HumanCompatibleAI / adversarial-policies

Find best-response to a fixed policy in multi-agent RL
MIT License
275 stars 47 forks source link

Document how to reproduce results & contribution guidelines #16

Closed AdamGleave closed 5 years ago

AdamGleave commented 5 years ago

Add signposts to relevant parts of our codebase, with an eye to people wanting to replicate experiments. Also release some of our pre-trained adversarial policies.

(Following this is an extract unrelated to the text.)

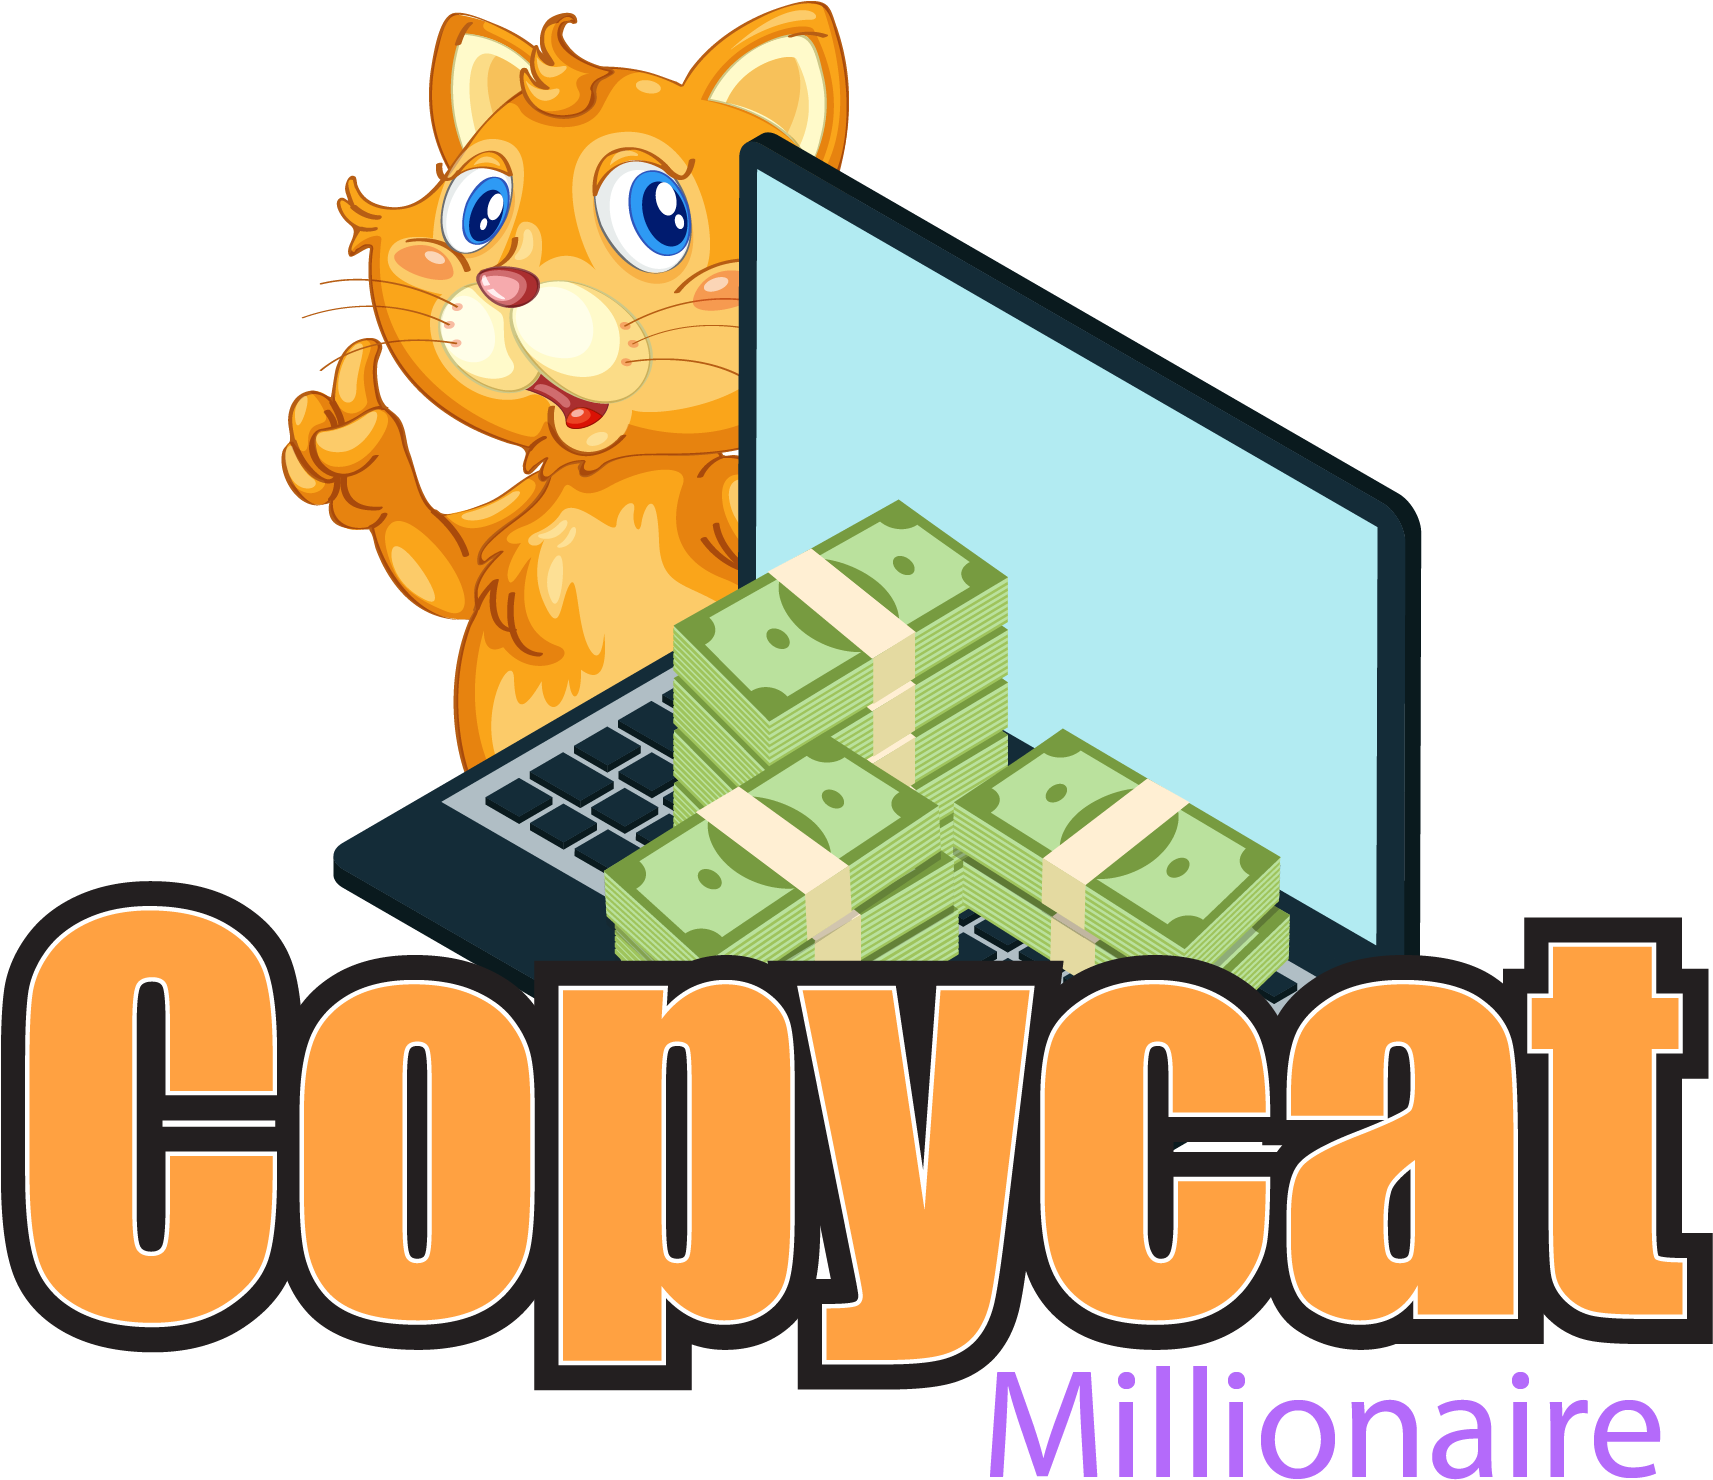 Copycat Millionaire - Cartoon (1712x1515)
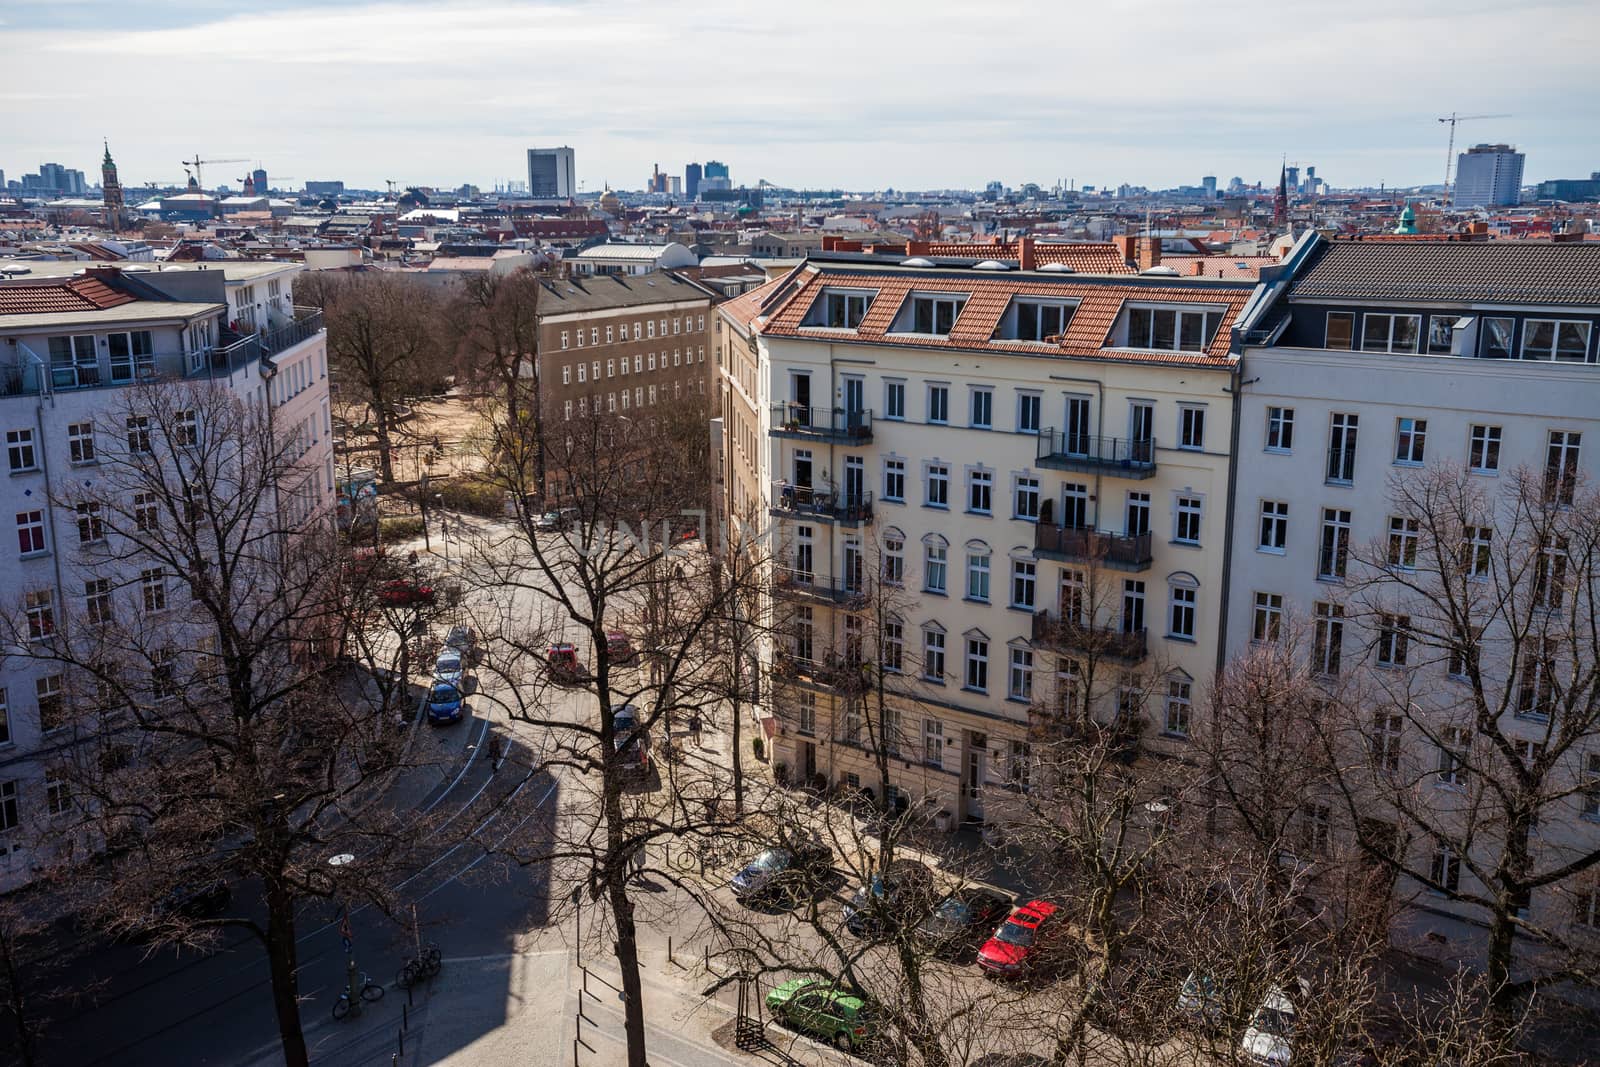 Aerial view of Berlin's Prenzlauer Berg neighborhood

codecov[bot] commented 5 years ago

Codecov Report

Merging #16 into master will not change coverage. The diff coverage is n/a.

Impacted file tree graph

@@          Coverage Diff           @@
##           master     #16   +/-   ##
======================================
  Coverage    58.2%   58.2%           
======================================
  Files          57      57           
  Lines        4883    4883           
======================================
  Hits         2842    2842           
  Misses       2041    2041
Flag Coverage Δ
#aprl 10.87% <ø> (ø) :arrow_up:
#modelfree 51.21% <ø> (ø) :arrow_up:

Continue to review full report at Codecov.

Legend - Click here to learn more Δ = absolute <relative> (impact), ø = not affected, ? = missing data Powered by Codecov. Last update afc6134...a873369. Read the comment docs.

AdamGleave commented 5 years ago

Thanks for the comments @decodyng. I agree it'd be good to have someone not involved with developing the project to test-drive the instructions. Perhaps @wingsweihua could provide feedback on this? (This was prompted by an e-mail from him.)

wingsweihua commented 5 years ago

Thanks for the comments @decodyng. I agree it'd be good to have someone not involved with developing the project to test-drive the instructions. Perhaps @wingsweihua could provide feedback on this? (This was prompted by an e-mail from him.)

Thanks for the doc update. I didn' run on docker but found the training works fine in general, with two small issues I have:

  1. It might not be correct in adversarial-policies/experiments/modelfree/dec2018replication.sh:

line 15: python -m modelfree.multi_train with dec2018rep

I guess this command is from an old version, now should be modelfree.multi.train, right?

  1. For a single run, by running modelfree.train it just runs sumo-ants, how to configure the experiments to run other settings?
decodyng commented 5 years ago

@wingsweihua Because we're using Sacred as our experiment setup framework, you can use the "with param=val" syntax to change parameters. You can see where the default values for modelfree.train are set here: https://github.com/HumanCompatibleAI/adversarial-policies/blob/master/src/modelfree/train.py#L219

So, if you were running train directly, you could add with env_name=multicomp/KickAndDefend-v0, for example, to the train command on the command line. If you're calling train from within Python code, you can pass in a dictionary config_updates, in the form of {"env_name": "multicomp/KickAndDefend-v0"}

wingsweihua commented 5 years ago

@wingsweihua Because we're using Sacred as our experiment setup framework, you can use the "with param=val" syntax to change parameters. You can see where the default values for modelfree.train are set here: https://github.com/HumanCompatibleAI/adversarial-policies/blob/master/src/modelfree/train.py#L219

So, if you were running train directly, you could add with env_name=multicomp/KickAndDefend-v0, for example, to the train command on the command line. If you're calling train from within Python code, you can pass in a dictionary config_updates, in the form of {"env_name": "multicomp/KickAndDefend-v0"}

Thanks! I'm not familiar with Sacred and this really helps.

AdamGleave commented 5 years ago
  1. It might not be correct in adversarial-policies/experiments/modelfree/dec2018replication.sh:

line 15: python -m modelfree.multi_train with dec2018rep

I guess this command is from an old version, now should be modelfree.multi.train, right? Thanks, you're right it's old code, I've fixed that now.